- REQUIREMENT -
Could you set down the listing below exactly, leaving out its pictures?

- INPUT DATA -
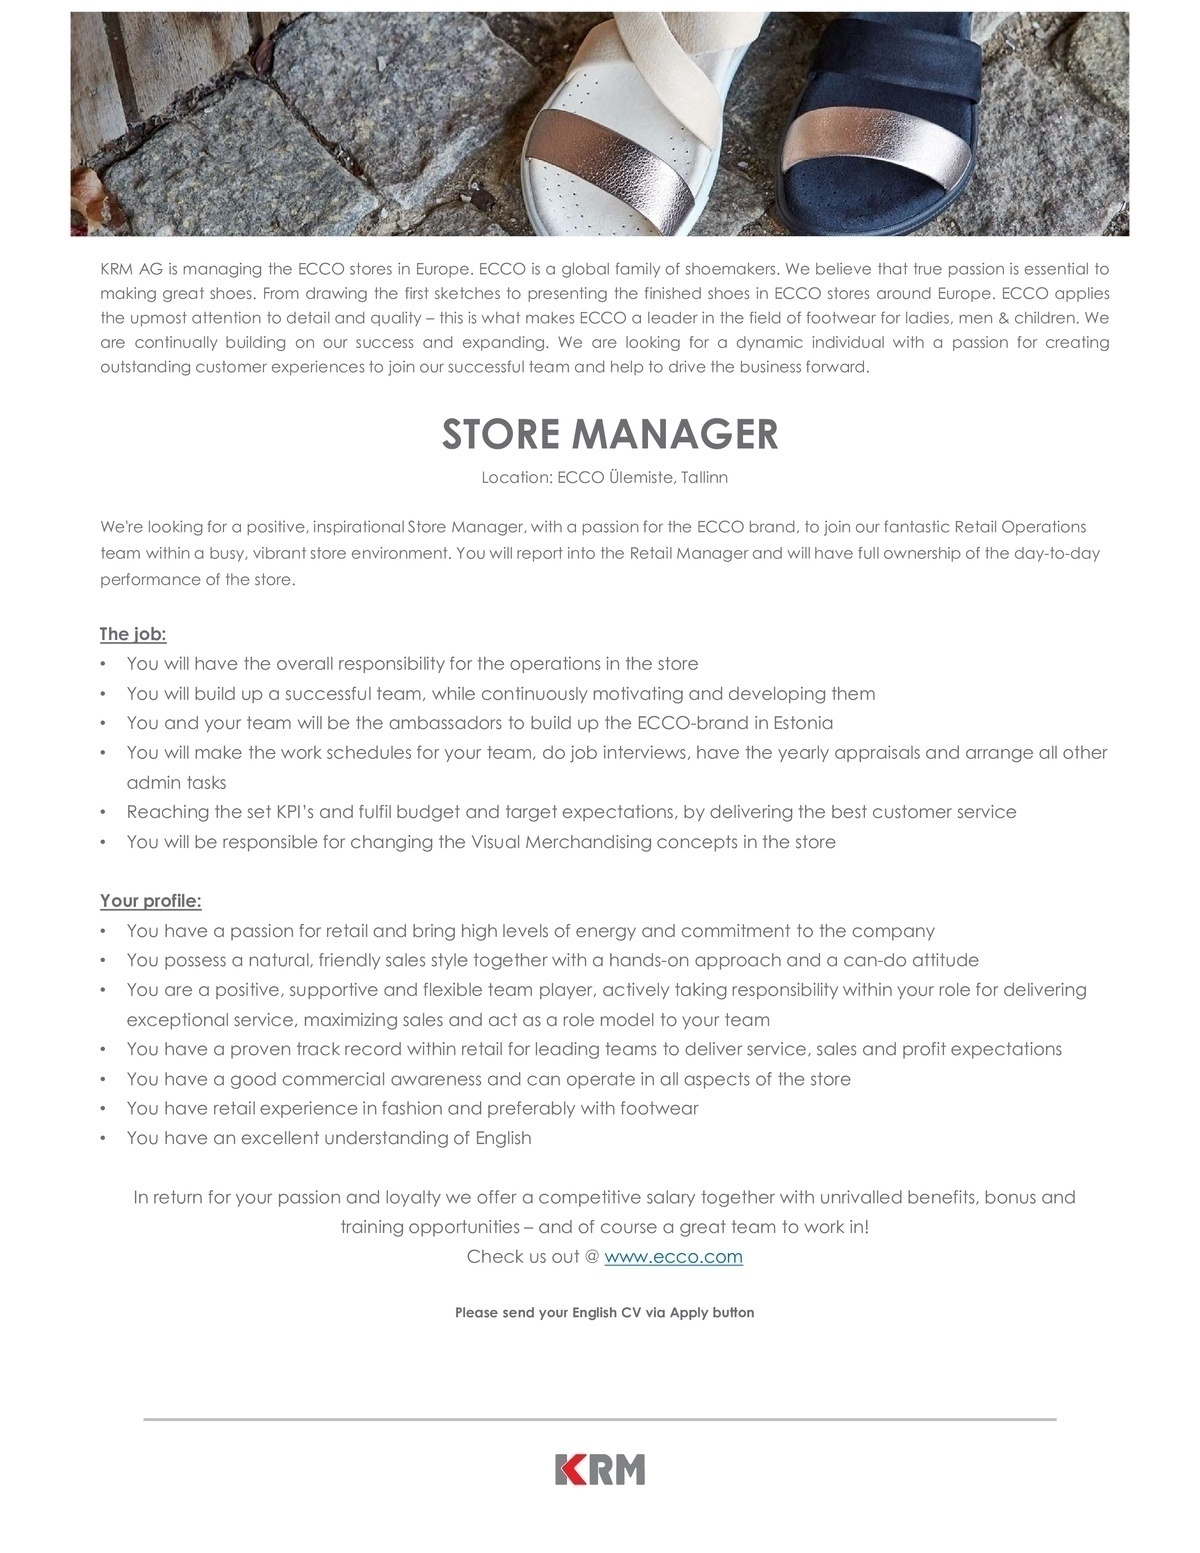 KRM Baltic SIA Ecco store manager
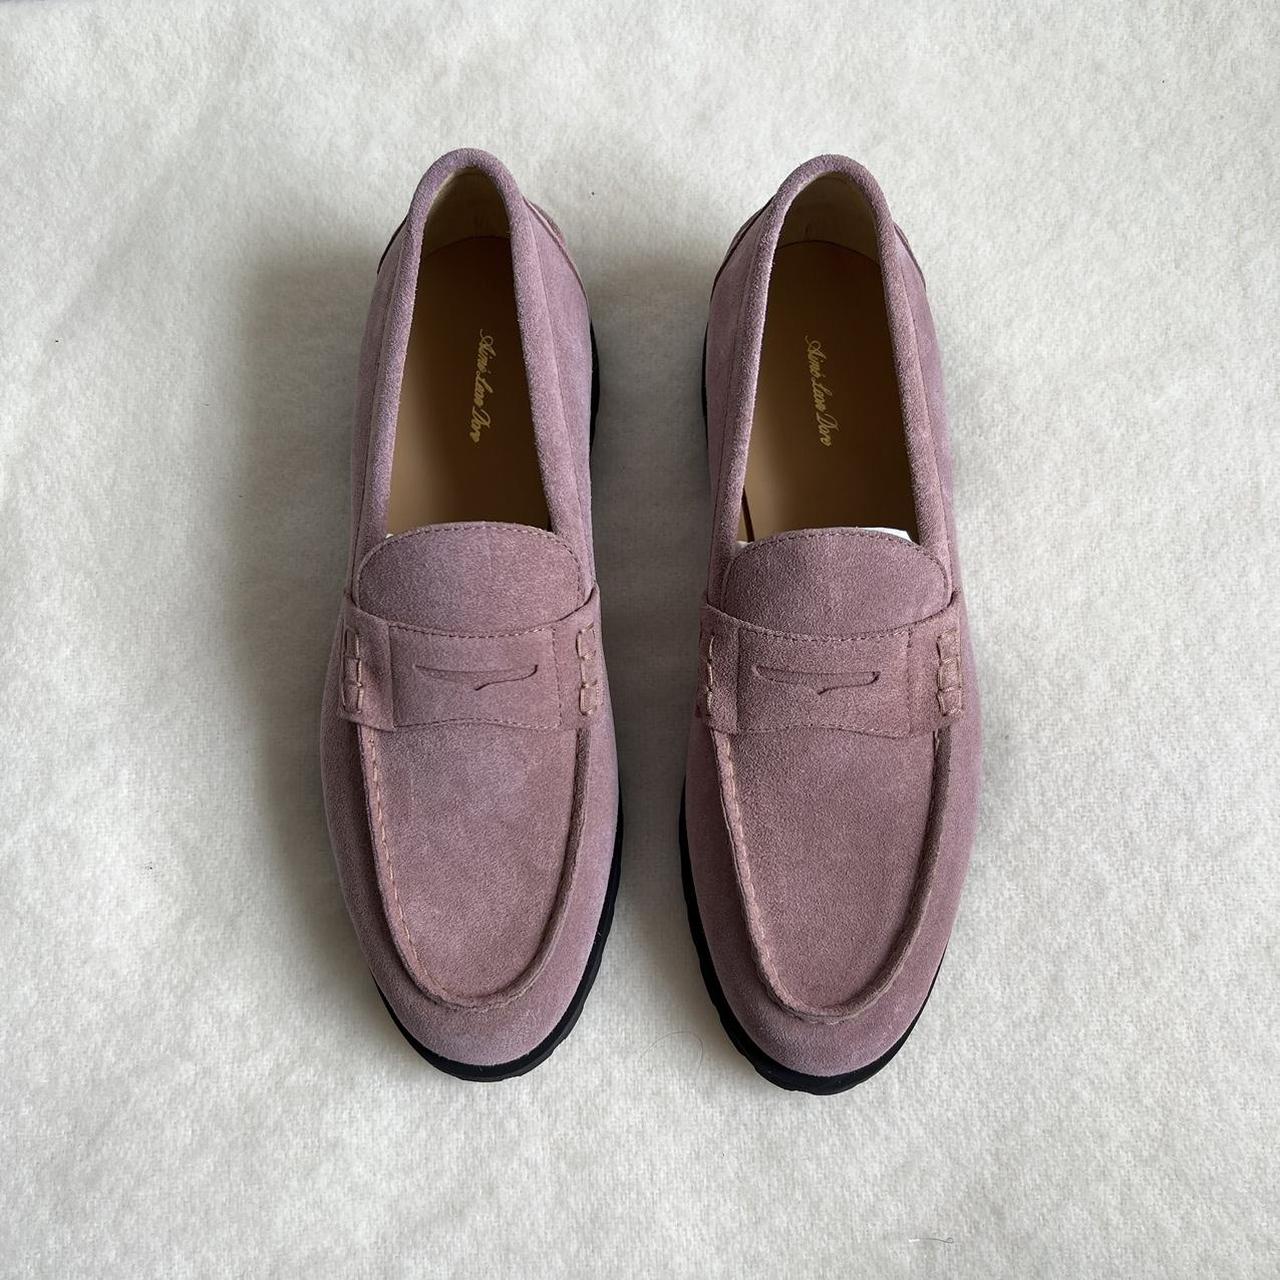 Aime leon dore loafers • pink suede with a black... - Depop
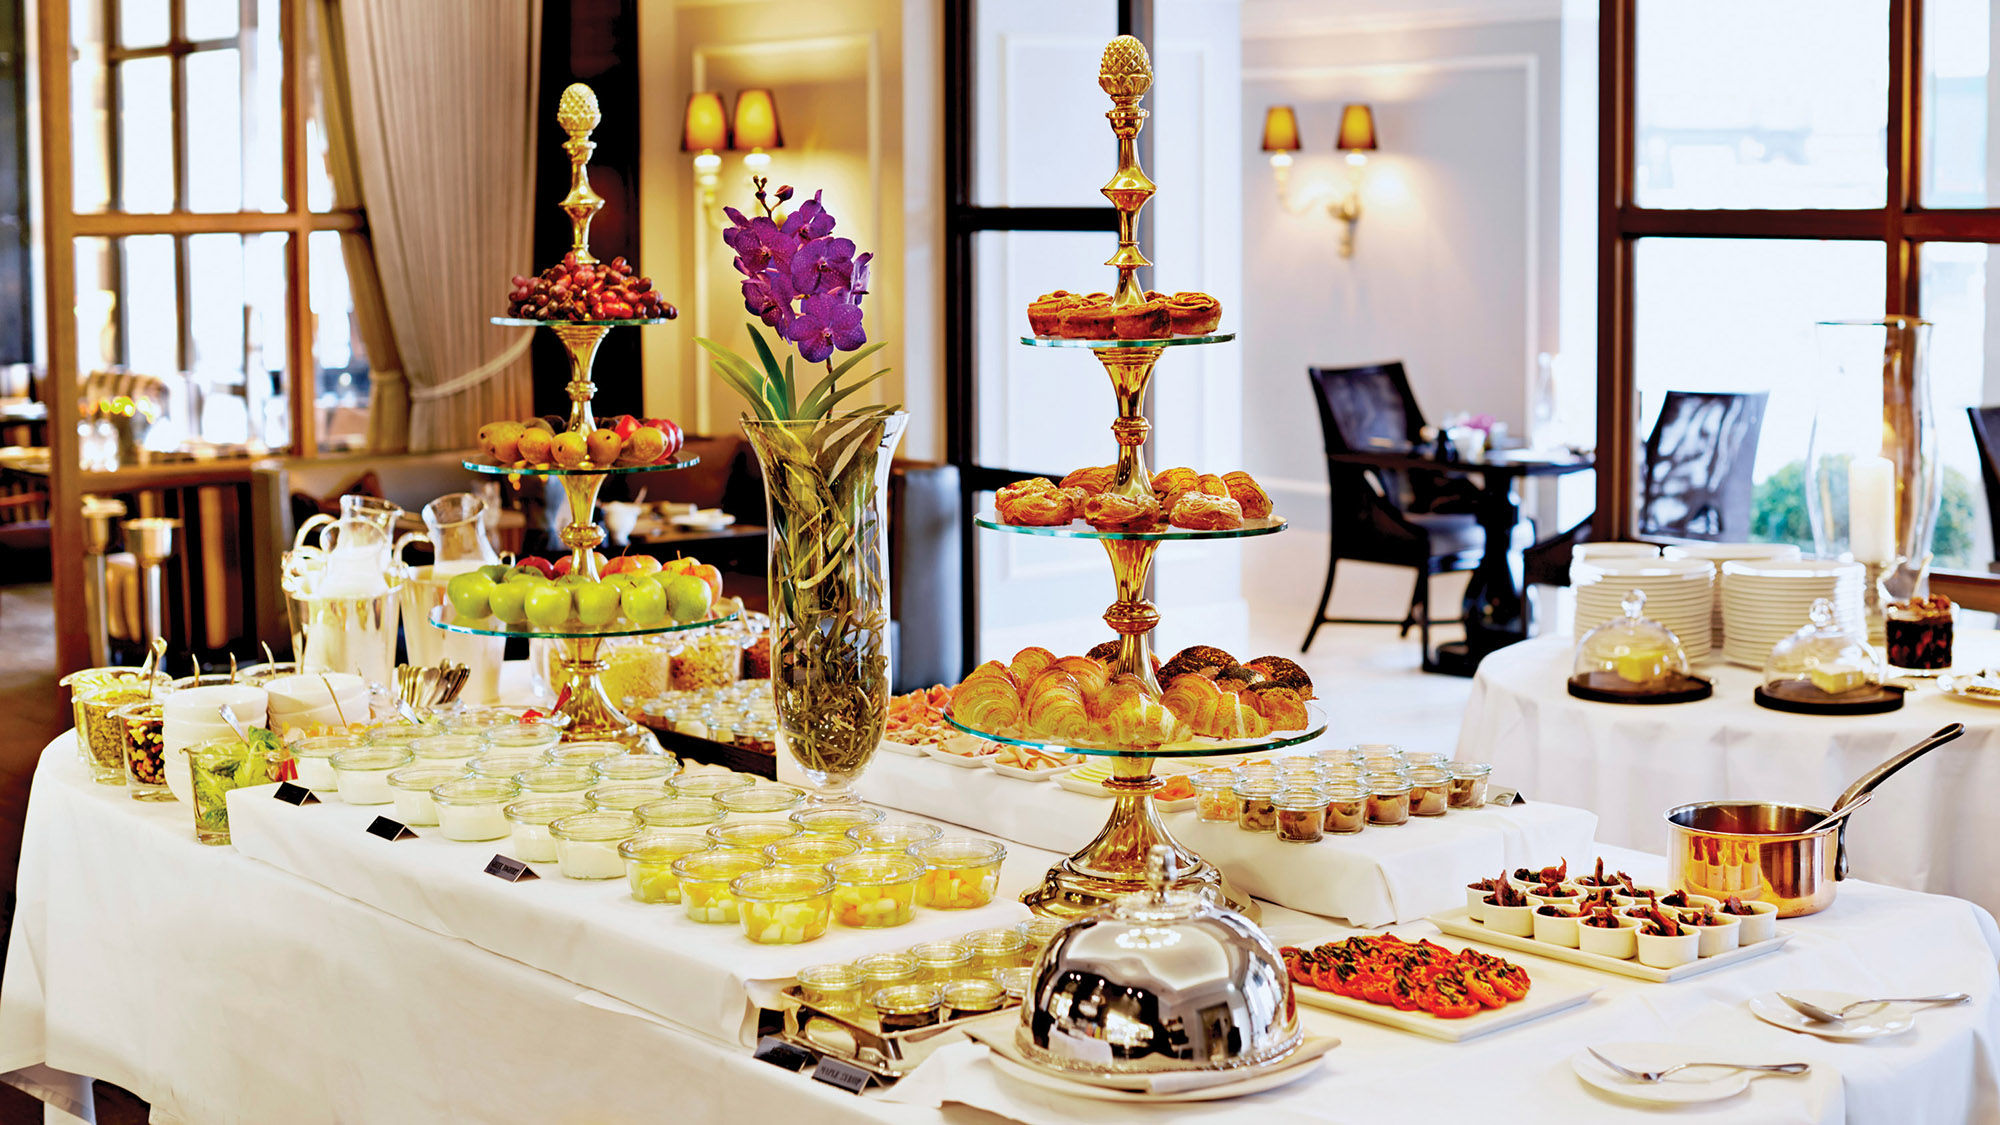 The breakfast buffet at Marchal in D'Angleterre includes fresh fruit, pastries and eggs prepared 10 different ways.
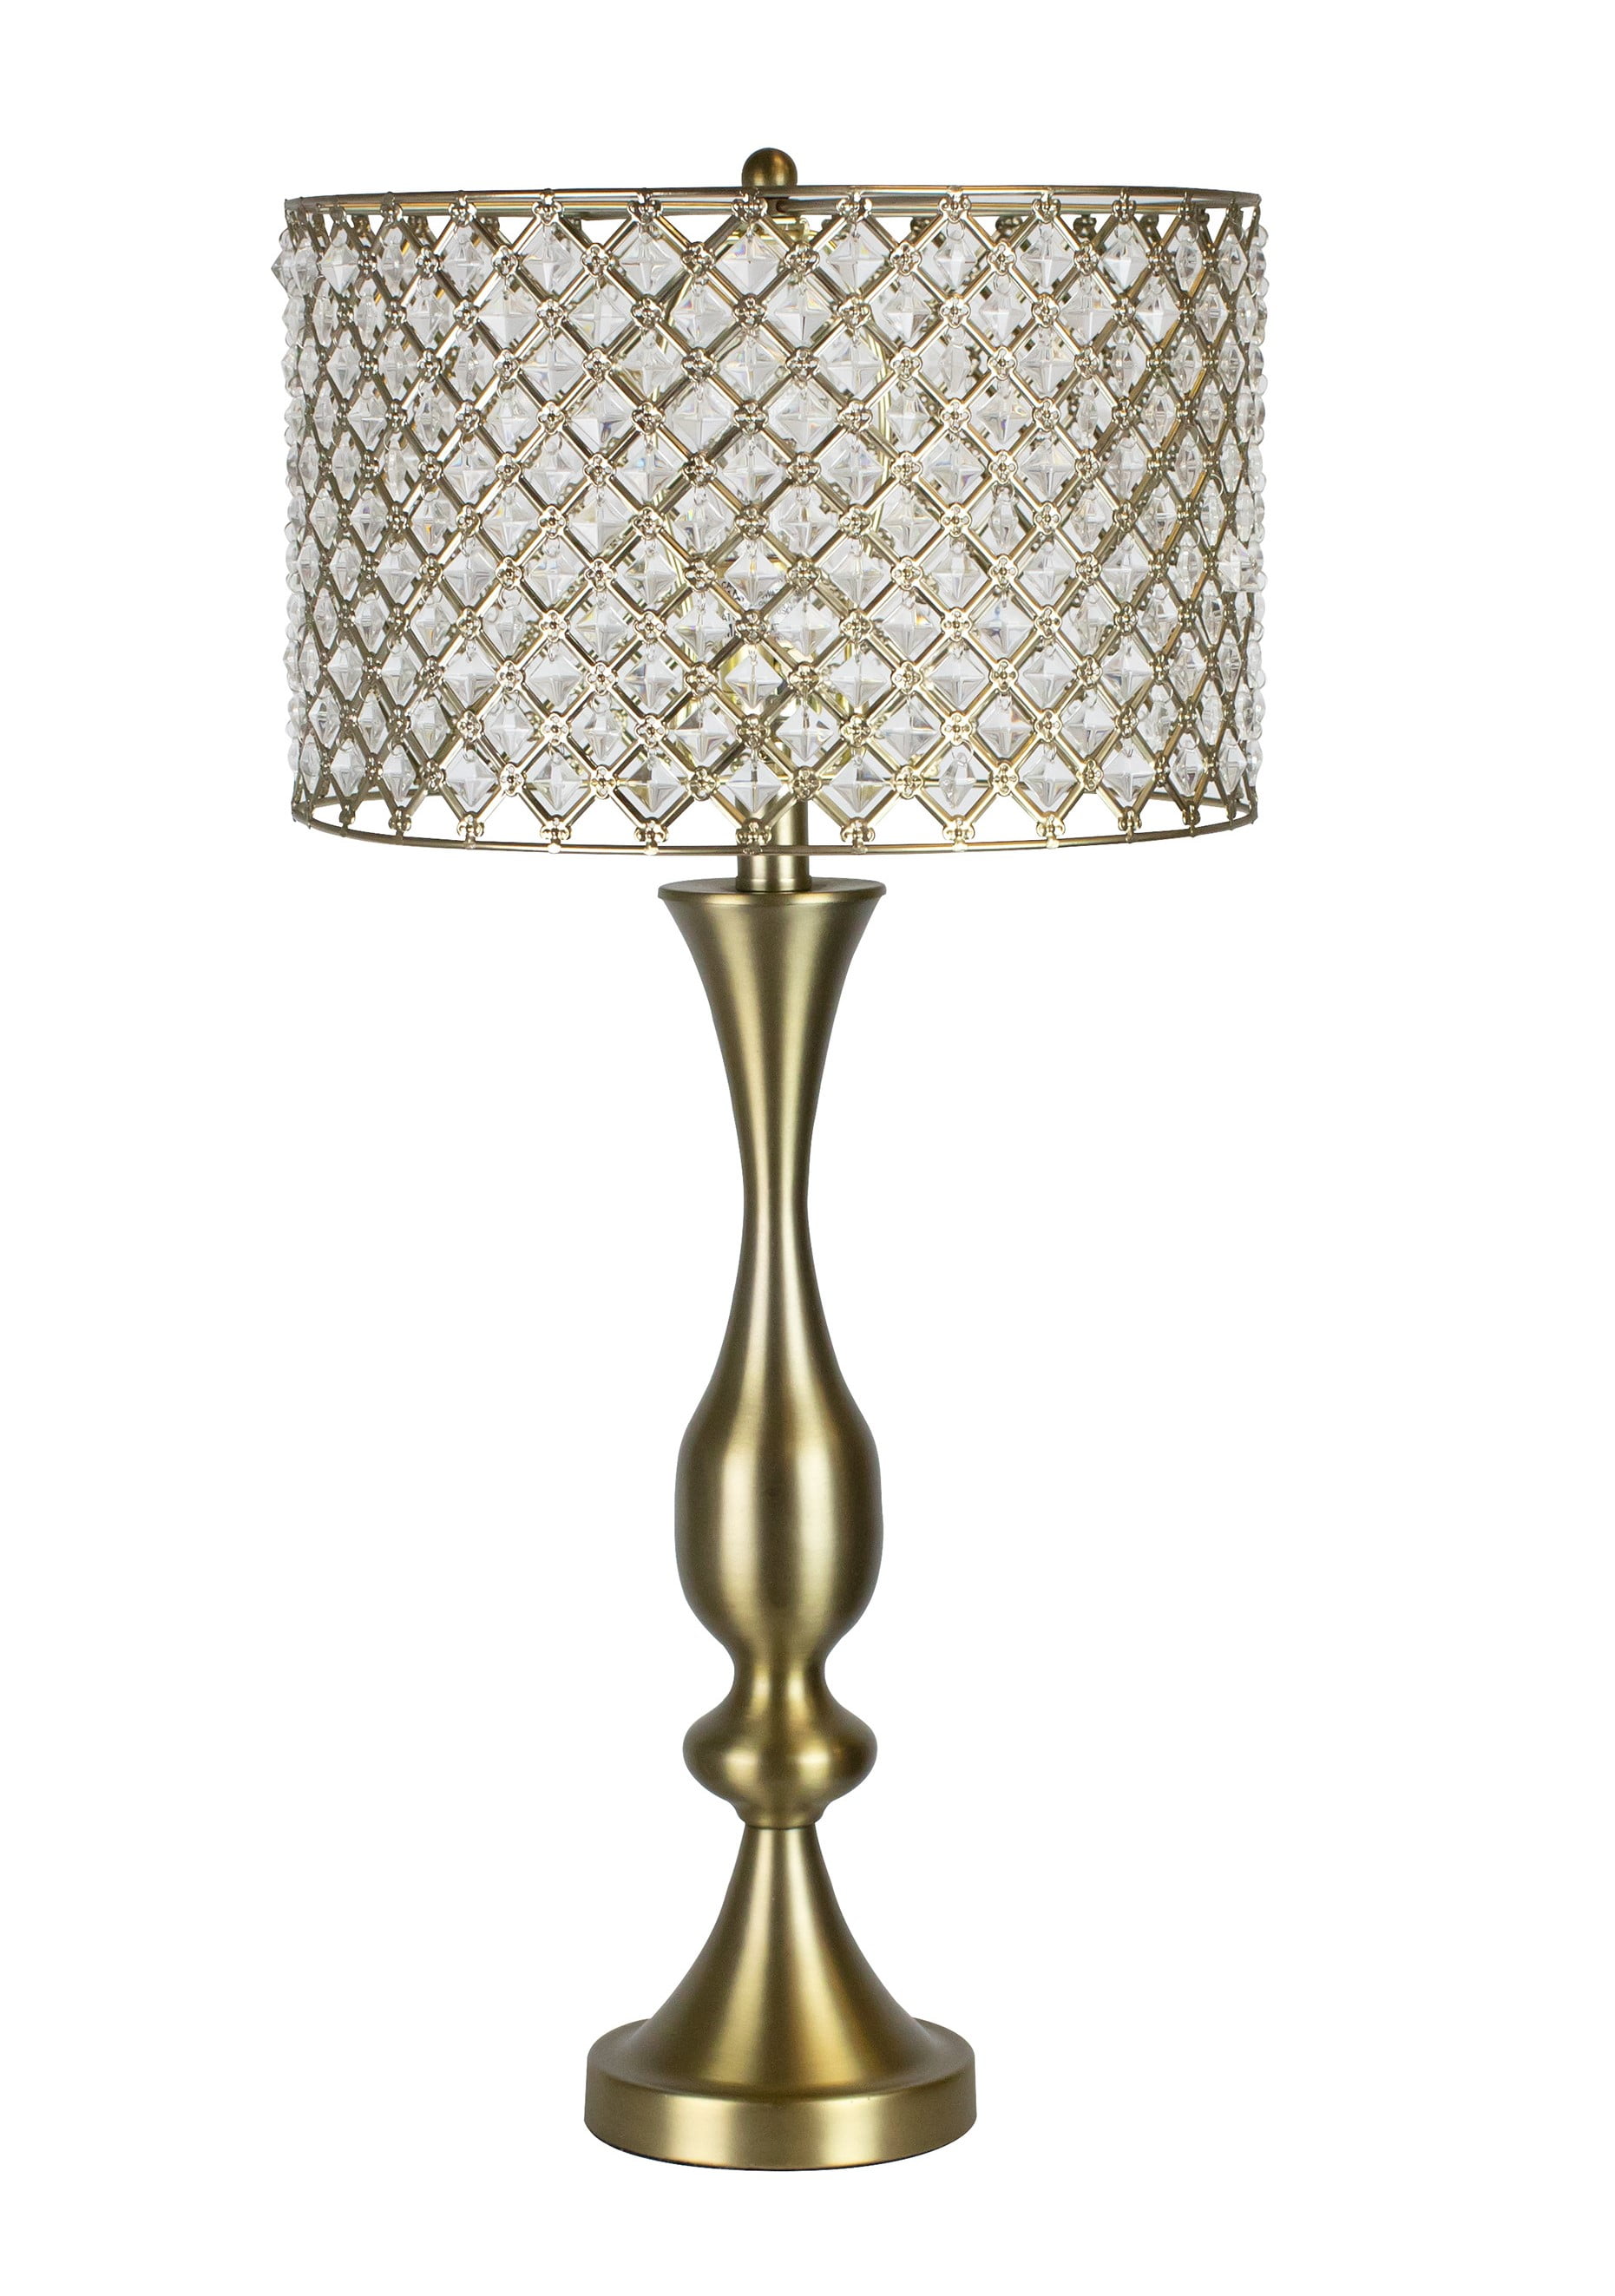 27 5 Plated Gold Table Lamp W Crystal Bling Shade Walmart Com

- ANSWER TO THIS EXERCISE -
 KRM Baltic SIA Ecco store manager
 Aime leon dore loafers • pink suede with a black... - Depop
 The breakfast buffet at Marchal in D'Angleterre includes fresh fruit, pastries and eggs prepared 10 different ways.
 27 5 Plated Gold Table Lamp W Crystal Bling Shade Walmart Com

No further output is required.